Le domaine de la cryptographie où les schémas sont prouvés sûrs est appelé la sécurité prouvable.

Distinctions entre cryptographie symétrique et asymétrique[modifier | modifier le code]

Les approches vis-à-vis de la sécurité sont historiquement différentes entre la cryptographie symétrique et la cryptographie asymétrique.

Même s'il existe des schémas prouvés en cryptographie à clef secrète, comme le générateur pseudo-aléatoire de Blum Blum Shub qui est sûr sous le problème de la résiduosité quadratique, il a souvent été préféré dans les utilisations pratiques les schémas qui résistaient aux techniques de cryptanalyses connues pour des raisons d'efficacité. Le NIST avait alors recommandé SHA-1 et SHA-2 sur cette base. Mais en 2012, Keccak devient le nouveau standard en termes de fonction de hachage cryptographique[4], est prouvé sûr sous des hypothèses sur les fonctions éponges.

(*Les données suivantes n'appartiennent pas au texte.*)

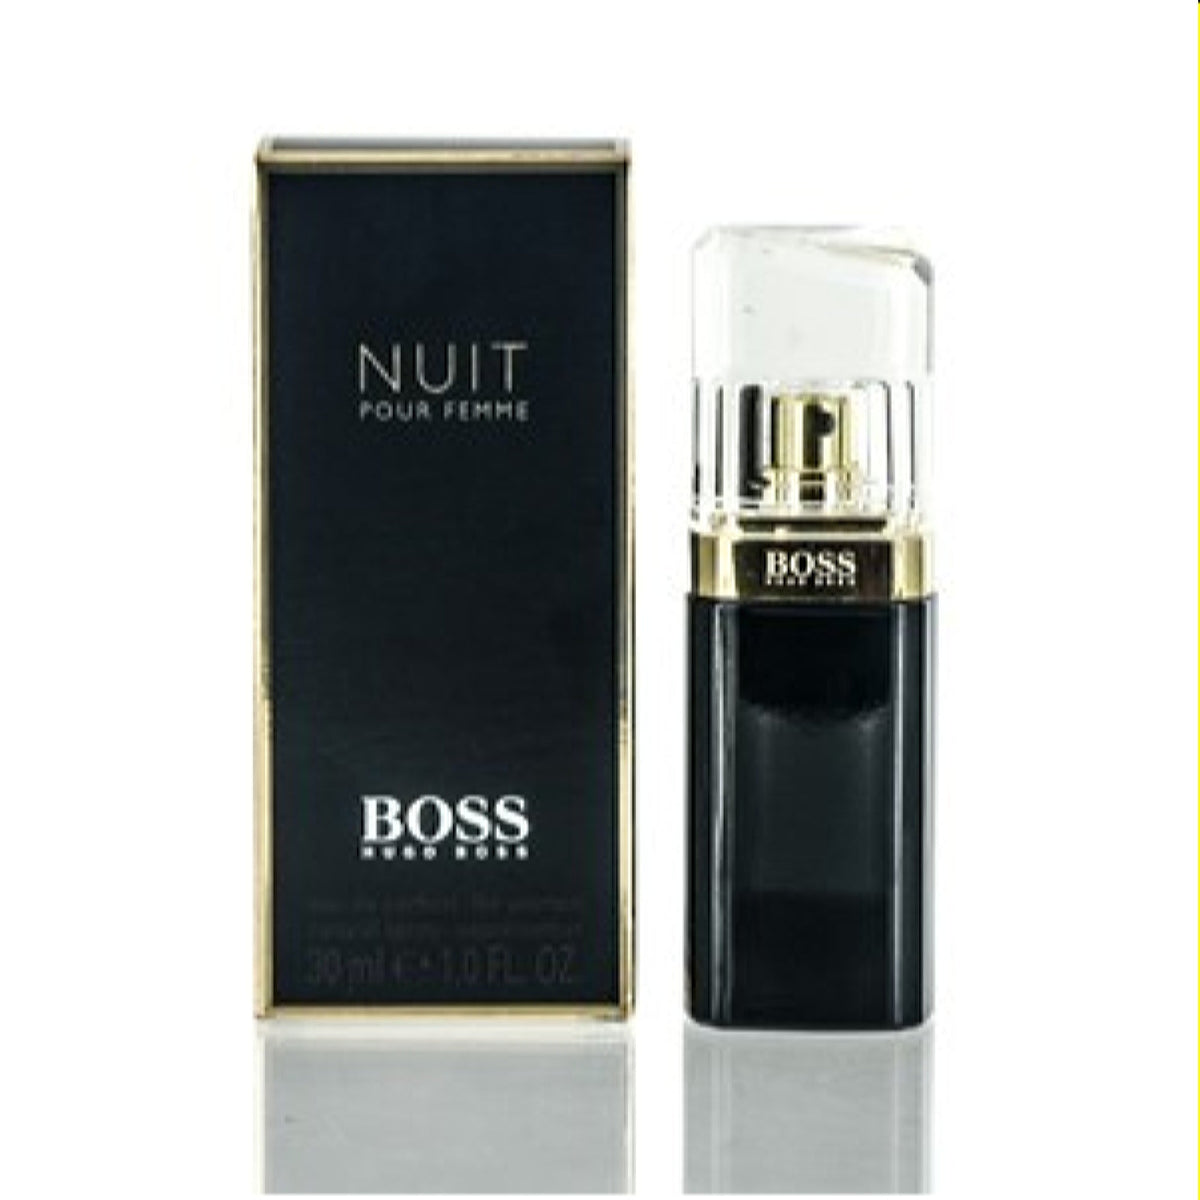 Boss Nuit Pour Femme Hugo Boss Edp Spray 1.0 Oz (30 Ml) For Women  54991
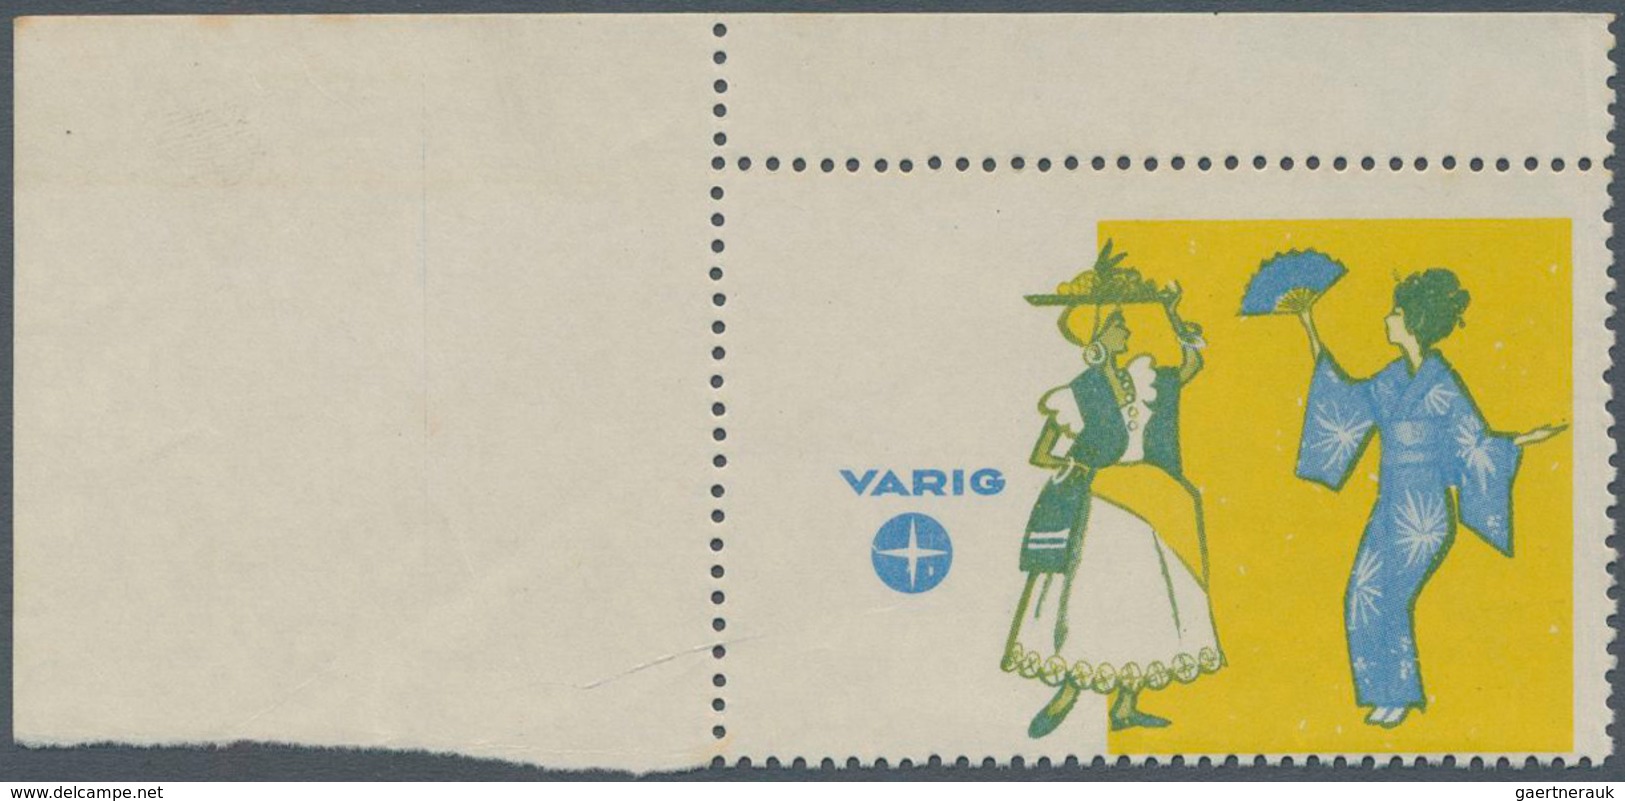 11781 Brasilien - Privatflugmarken Varig: VARIG Air Mail Stamp Missing Print Frame And Value, Corner Margi - Posta Aerea (società Private)

En cryptographie asymétrique en revanche, on a longtemps considéré les schémas prouvés sous des hypothèses calculatoires. La nécessité d'avoir des schémas très rapides étant couverte par la cryptographie à clef privée, et l'utilisation de la cryptographie asymétrique étant souvent faite par le biais de la cryptographie hybride. Par exemple le cryptosystème de ElGamal est prouvé sous l'hypothèse du problème de décision de Diffie-Hellman (en), qui implique la difficulté du problème du logarithme discret, qui est un problème d'arithmétique modulaire. La preuve du sécurité du cryptosystème de ElGamal est faite par réduction, autrement dit pour prouver que la notion de sécurité résiste, on prouve que cette notion dans le schéma est au moins aussi difficile que les hypothèses de sécurité[5] à un facteur polynomial près. On se retrouve donc, moyennant un surcoût considéré comme négligeable, à résoudre un problème supposément difficile.

Les différents types de preuves[modifier | modifier le code]

Réduction polynomiale[modifier | modifier le code]

Une manière d’effectuer une réduction de sécurité consiste à effectuer une réduction polynomiale des hypothèses de difficulté vers les notions de sécurité à prouver. C’est le cas par exemple de la preuve du cryptosystème d'ElGamal, ou du cryptosystème de Goldwasser-Micali.

L'importance de la finesse des preuves[modifier | modifier le code]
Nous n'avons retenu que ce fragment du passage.